Assignment: When the listing below reaches the line that has "Dj box pleated", start reproducing exactly; stop after the line that has "Σύλληψη δύο αλλοδαπών", and drop the pictures.

Records supplied:
┄┄┄┄┄┄┄┄┄┄┄┄┄┄┄┄┄┄┄┄
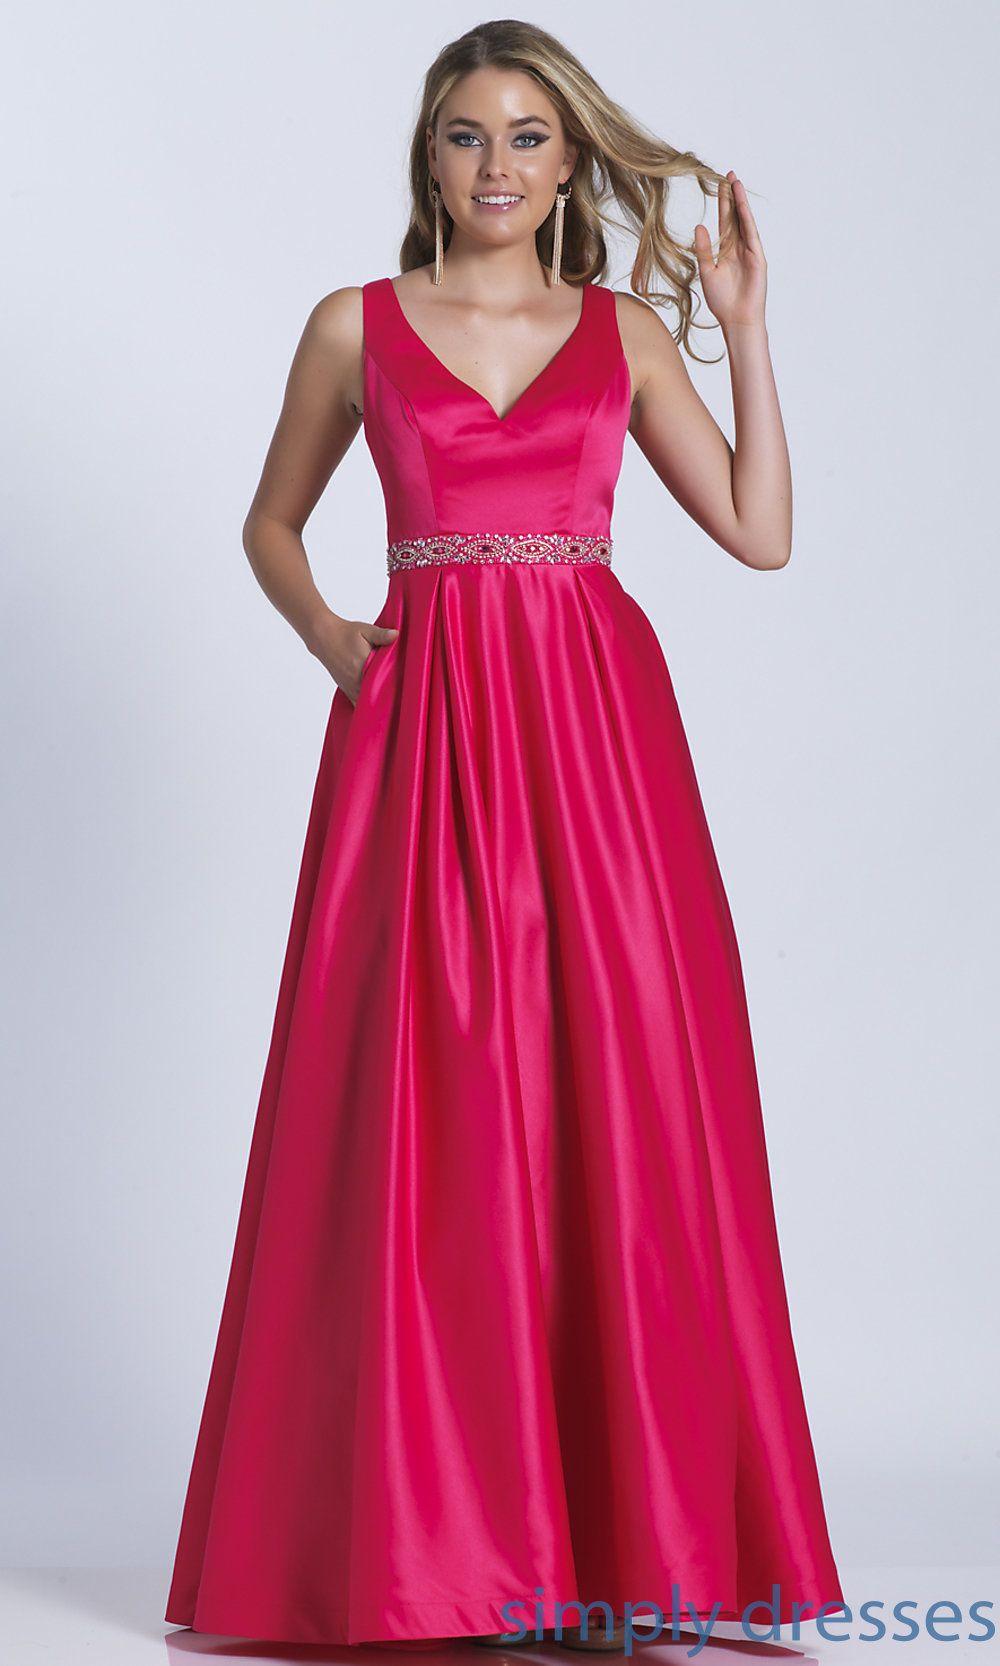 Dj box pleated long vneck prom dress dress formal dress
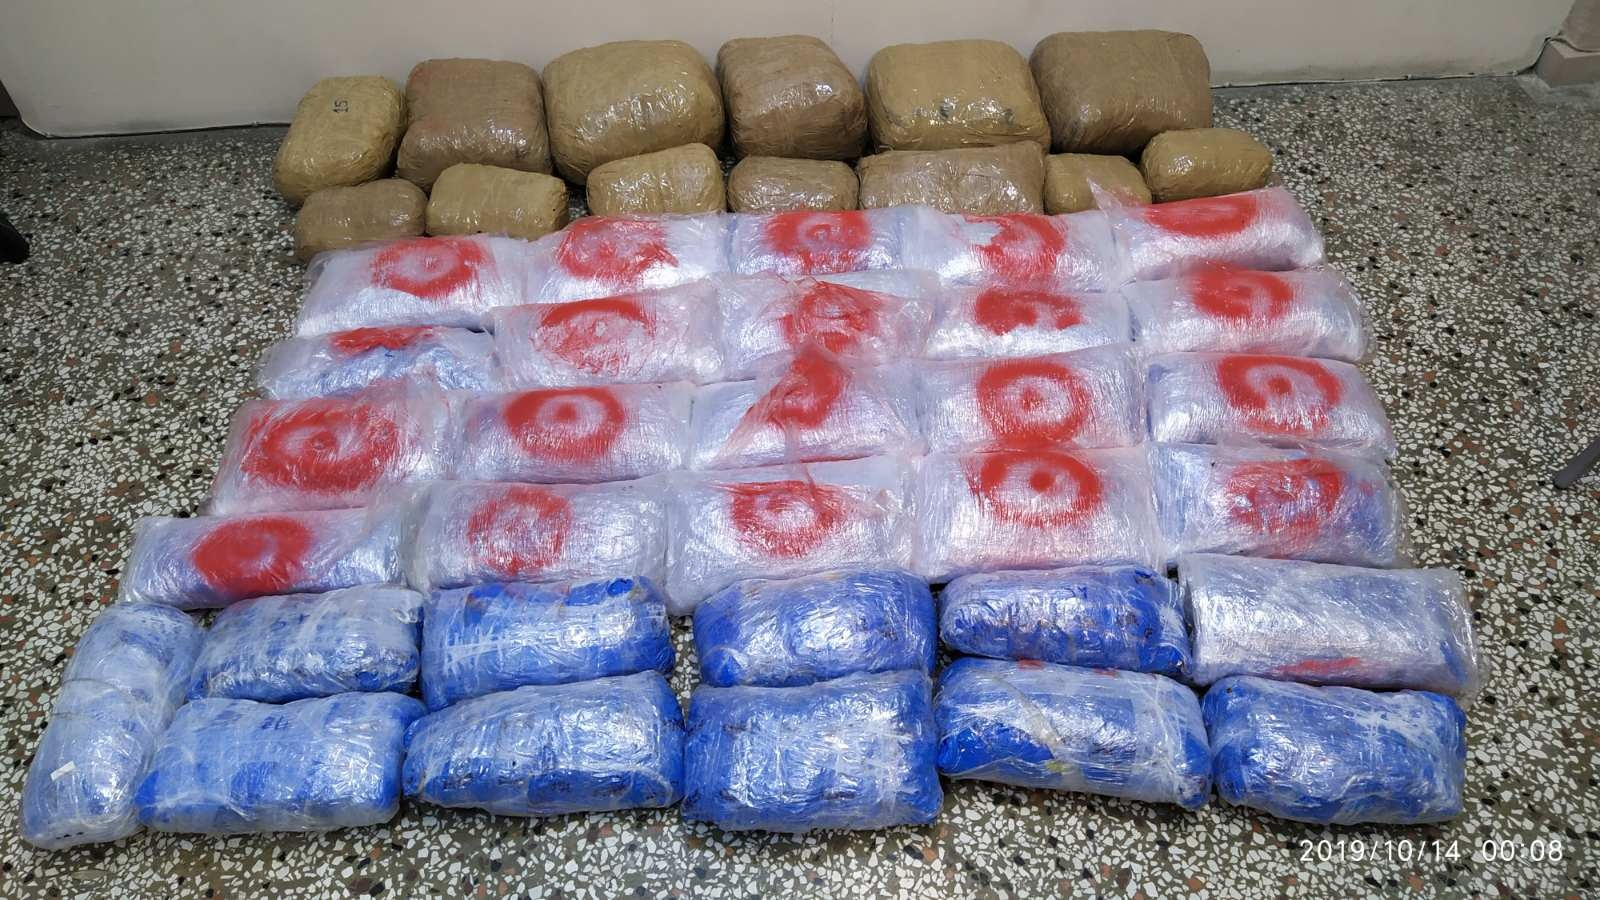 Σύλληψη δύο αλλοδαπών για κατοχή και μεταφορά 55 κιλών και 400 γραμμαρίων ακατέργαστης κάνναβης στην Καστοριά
┄┄┄┄┄┄┄┄┄┄┄┄┄┄┄┄┄┄┄┄
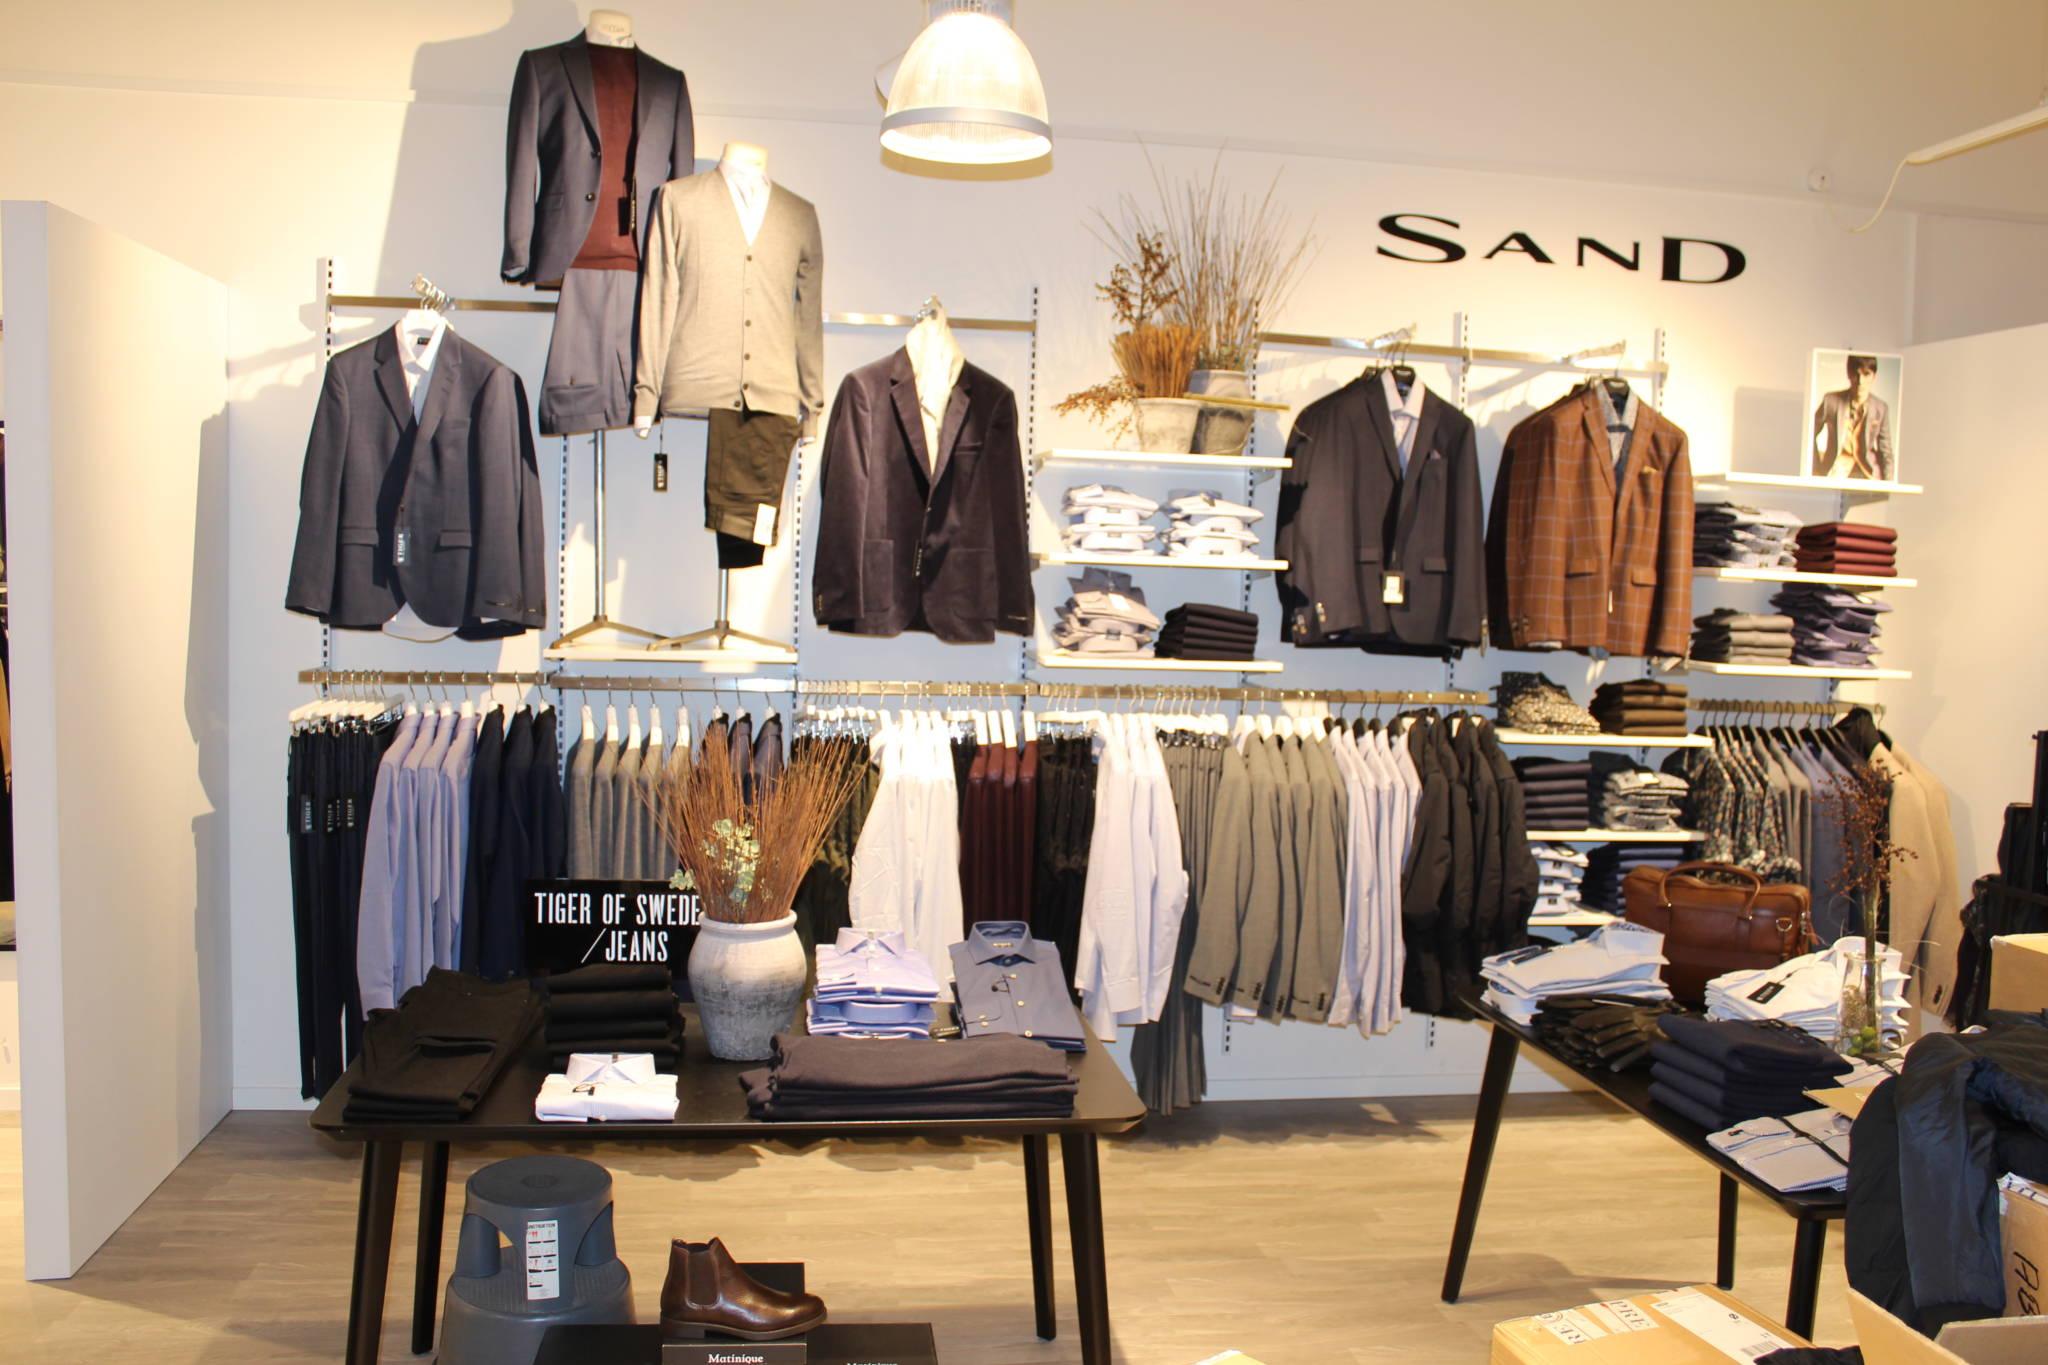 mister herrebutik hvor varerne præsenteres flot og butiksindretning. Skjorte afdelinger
┄┄┄┄┄┄┄┄┄┄┄┄┄┄┄┄┄┄┄┄
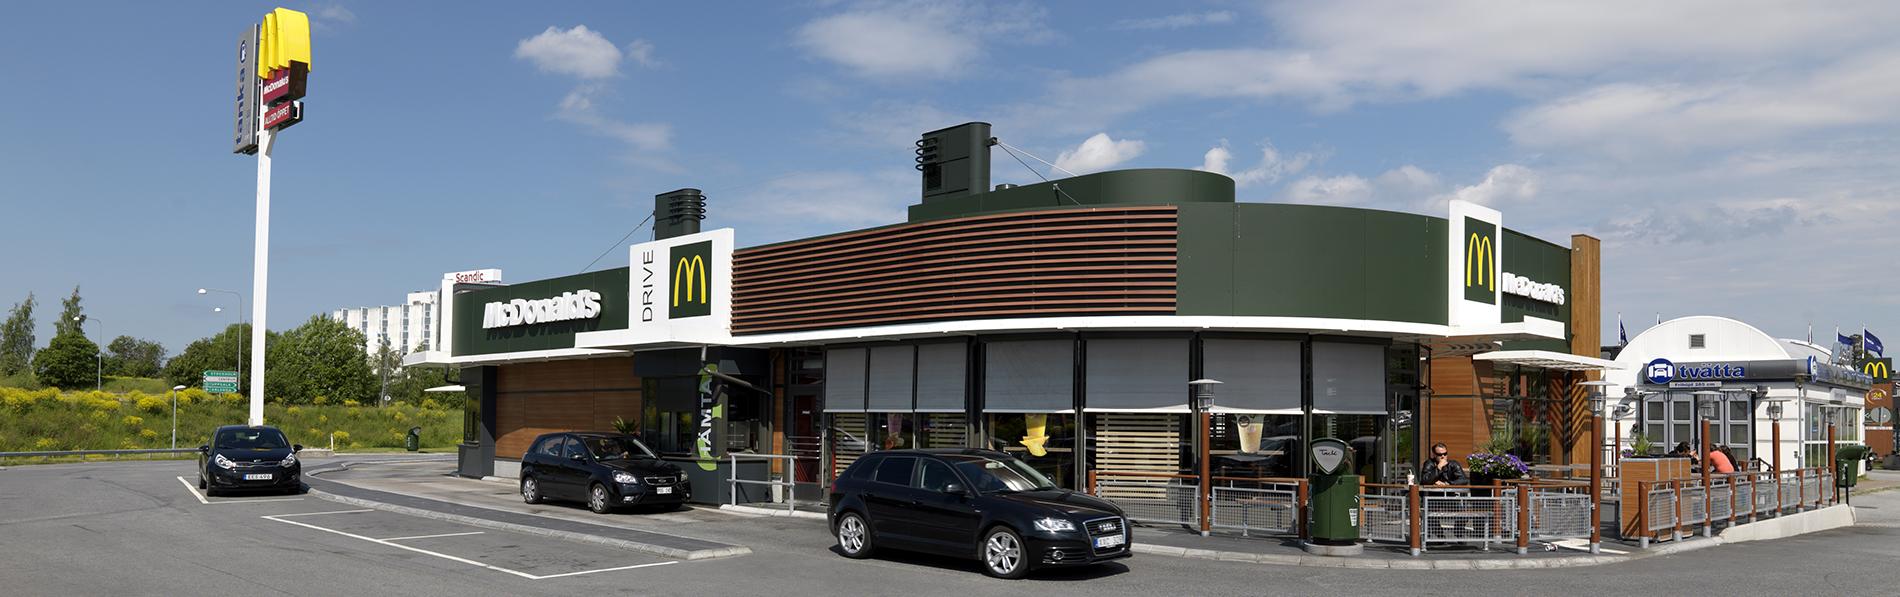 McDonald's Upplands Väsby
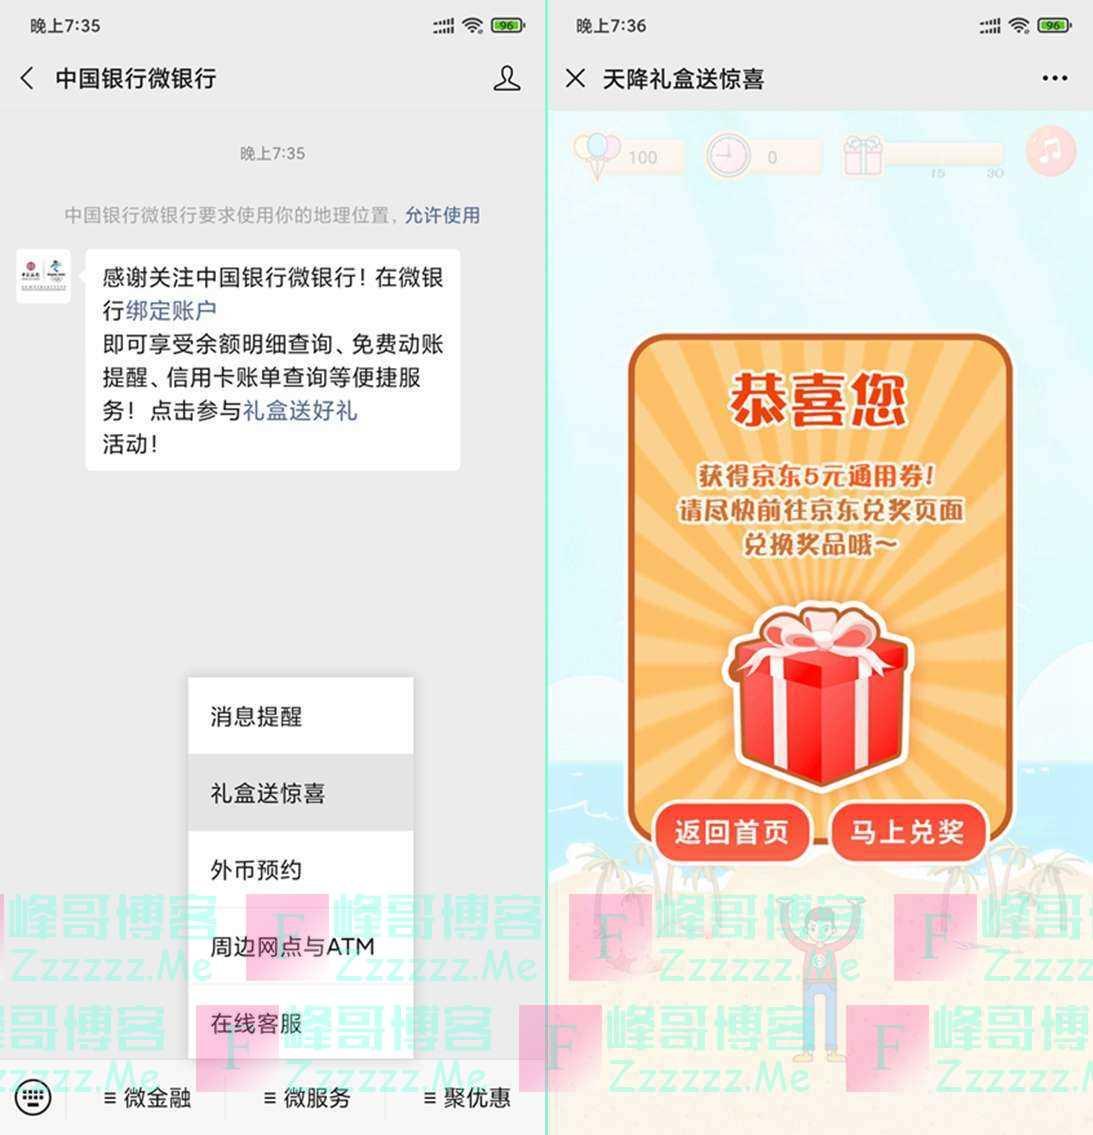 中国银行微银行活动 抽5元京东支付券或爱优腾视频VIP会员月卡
┄┄┄┄┄┄┄┄┄┄┄┄┄┄┄┄┄┄┄┄
Exercise solution:
 Dj box pleated long vneck prom dress dress formal dress
 Σύλληψη δύο αλλοδαπών για κατοχή και μεταφορά 55 κιλών και 400 γραμμαρίων ακατέργαστης κάνναβης στην Καστοριά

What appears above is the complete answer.